In a week that for me was very introspective and reflective – I realized that months ago (with some help) I was able to symbolically close off on another chapter in my life – but at the time I let the moment go. I think part of the reason the symbolism was lost on me is because it was more of a symbolic holding on – and not a fear of letting go. Still, as I learned from a blog I was just introduced to, holding on and letting go can come up and get you at random moments.
The moment I’m talking about is when I cleaned out Risa’s closet over the summer.
When we moved into our house – one of the attractive features to her at the time was the pair of walk in closets in the master bedroom. And she filled hers to the max. But there was always a door there, and for the most part to me was out of sight, out of mind. Even though it took me nearly four full years to empty it out – it was never a fear of letting go that stopped me. It was simply out of sight, out of mind.

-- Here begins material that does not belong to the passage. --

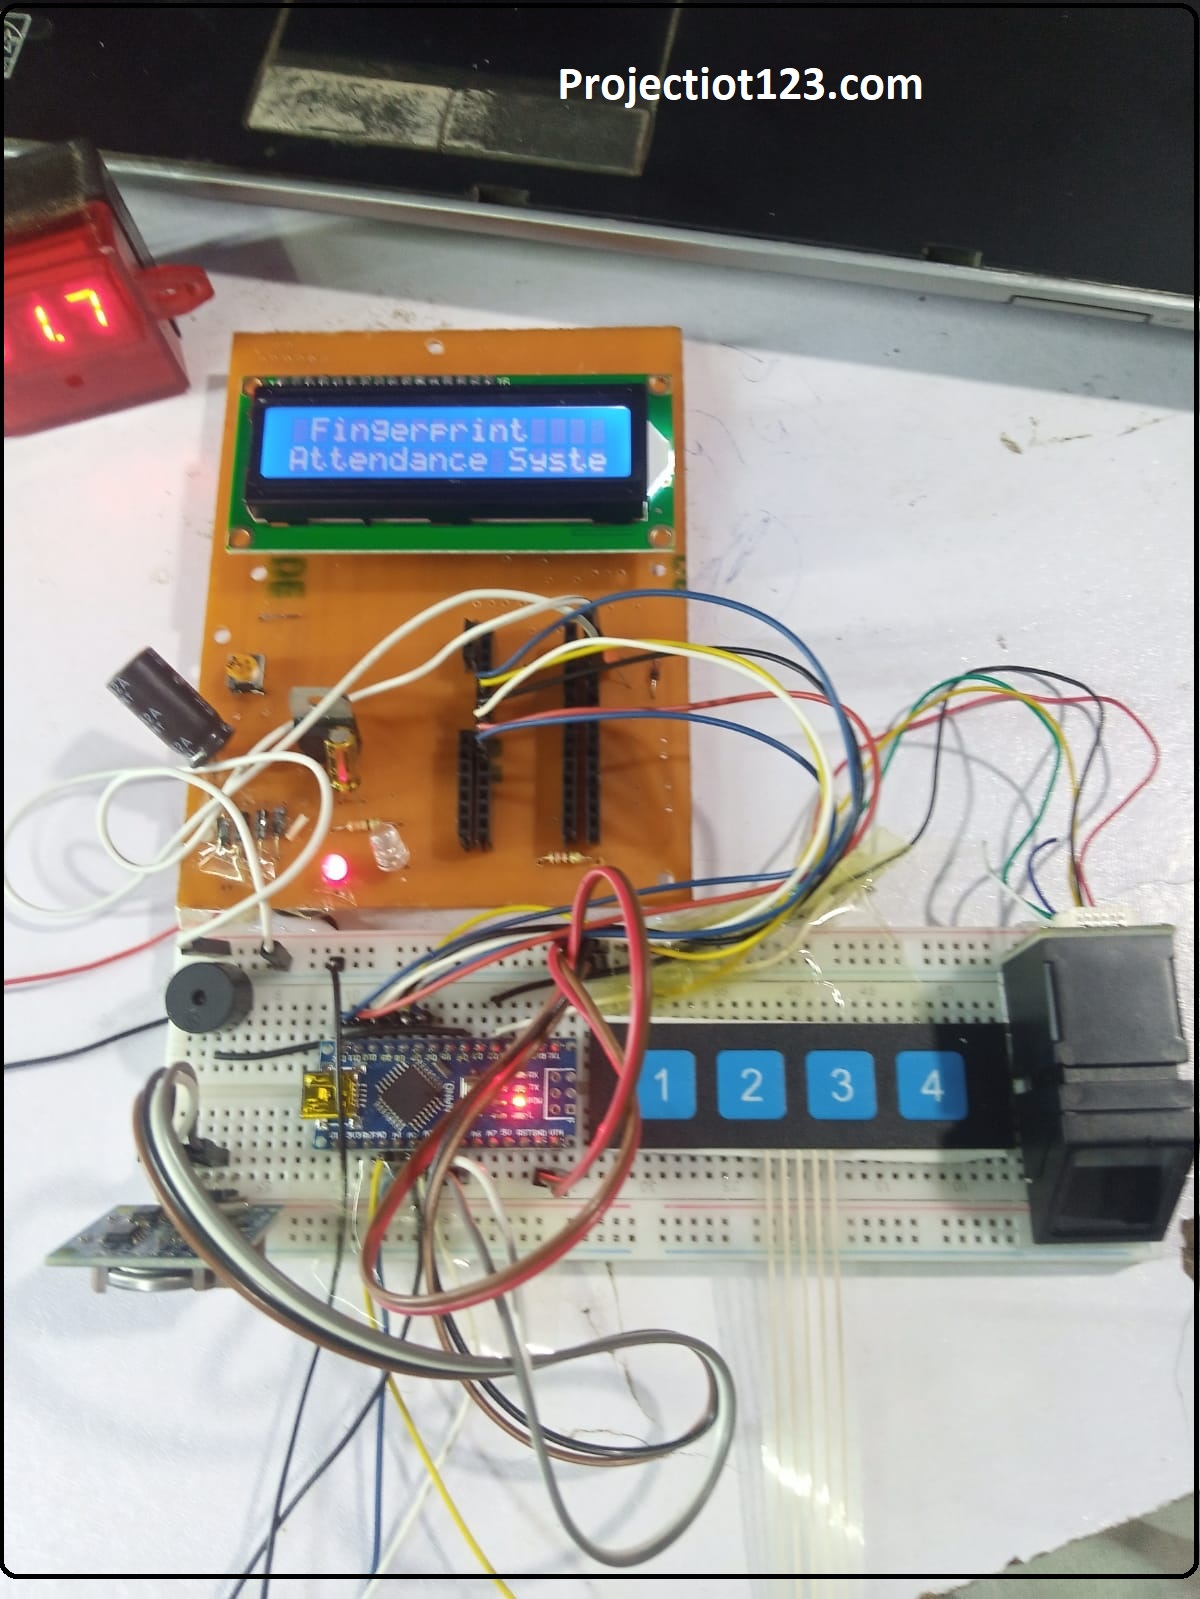 Fingerprint attendance system using arduino project

But for others looking in – I can understand why they would imagine I was holding on to avoid letting go. I think now after Laura Fahrenthold’s blog on it, I can at least sort of understand what others were thinking.
When you’re the only parent in the house – I think there is a tone you have to set in the house. In the days after Risa passed I pulled out pictures and other things. In the days after the funeral, I took them all down and put a few pictures into the girls’ rooms – but I did not create a shrine. Her closet was never meant to be a shrine either. Just one of the things that would one day get checked off the list.
For a few months ago, that item is done. It was never a matter of holding on or letting go for me – it was a matter of getting to that item on the checklist – and getting it done. Memories are for holding onto. Things are for letting go – the memories don’t live there anyway.